%%

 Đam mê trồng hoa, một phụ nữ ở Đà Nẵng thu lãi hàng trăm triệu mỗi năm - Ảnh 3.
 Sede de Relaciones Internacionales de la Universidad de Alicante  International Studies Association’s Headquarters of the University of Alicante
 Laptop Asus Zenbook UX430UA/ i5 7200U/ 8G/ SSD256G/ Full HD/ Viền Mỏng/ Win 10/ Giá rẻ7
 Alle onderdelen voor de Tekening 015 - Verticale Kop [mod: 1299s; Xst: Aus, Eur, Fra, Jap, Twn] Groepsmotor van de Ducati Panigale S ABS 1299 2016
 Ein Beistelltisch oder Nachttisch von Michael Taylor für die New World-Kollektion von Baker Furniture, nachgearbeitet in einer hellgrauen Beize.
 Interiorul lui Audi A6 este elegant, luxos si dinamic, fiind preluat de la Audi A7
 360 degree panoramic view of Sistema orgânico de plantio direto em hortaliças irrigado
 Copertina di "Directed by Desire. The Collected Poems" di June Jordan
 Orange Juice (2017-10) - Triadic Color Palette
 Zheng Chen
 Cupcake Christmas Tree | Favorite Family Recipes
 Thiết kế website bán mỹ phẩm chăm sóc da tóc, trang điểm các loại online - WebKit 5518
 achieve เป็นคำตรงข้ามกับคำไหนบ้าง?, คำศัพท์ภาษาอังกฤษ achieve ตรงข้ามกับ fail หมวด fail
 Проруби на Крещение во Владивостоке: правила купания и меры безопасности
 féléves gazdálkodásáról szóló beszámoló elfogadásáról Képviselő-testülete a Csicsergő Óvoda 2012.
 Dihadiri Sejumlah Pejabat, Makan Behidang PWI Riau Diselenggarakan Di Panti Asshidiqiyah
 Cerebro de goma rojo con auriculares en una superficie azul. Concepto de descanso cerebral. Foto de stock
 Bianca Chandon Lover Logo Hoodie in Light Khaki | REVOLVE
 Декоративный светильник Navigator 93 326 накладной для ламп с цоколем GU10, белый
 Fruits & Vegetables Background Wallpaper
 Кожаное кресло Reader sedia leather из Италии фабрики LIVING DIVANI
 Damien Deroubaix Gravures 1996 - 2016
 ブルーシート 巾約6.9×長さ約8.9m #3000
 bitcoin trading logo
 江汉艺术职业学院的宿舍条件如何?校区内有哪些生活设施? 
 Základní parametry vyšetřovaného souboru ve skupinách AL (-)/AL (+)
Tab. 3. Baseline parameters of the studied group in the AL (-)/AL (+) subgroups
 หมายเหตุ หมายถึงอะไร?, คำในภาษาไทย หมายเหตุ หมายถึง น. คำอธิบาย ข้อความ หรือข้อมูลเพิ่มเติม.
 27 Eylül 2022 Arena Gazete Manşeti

%%

#### REQUIRED WORK:
Copy the lines above exactly. Start with the line containing "Sede de Relaciones", end with the line containing "Interiorul lui Audi", and include both.

#### WRITTEN REPLY:
 Sede de Relaciones Internacionales de la Universidad de Alicante  International Studies Association’s Headquarters of the University of Alicante
 Laptop Asus Zenbook UX430UA/ i5 7200U/ 8G/ SSD256G/ Full HD/ Viền Mỏng/ Win 10/ Giá rẻ7
 Alle onderdelen voor de Tekening 015 - Verticale Kop [mod: 1299s; Xst: Aus, Eur, Fra, Jap, Twn] Groepsmotor van de Ducati Panigale S ABS 1299 2016
 Ein Beistelltisch oder Nachttisch von Michael Taylor für die New World-Kollektion von Baker Furniture, nachgearbeitet in einer hellgrauen Beize.
 Interiorul lui Audi A6 este elegant, luxos si dinamic, fiind preluat de la Audi A7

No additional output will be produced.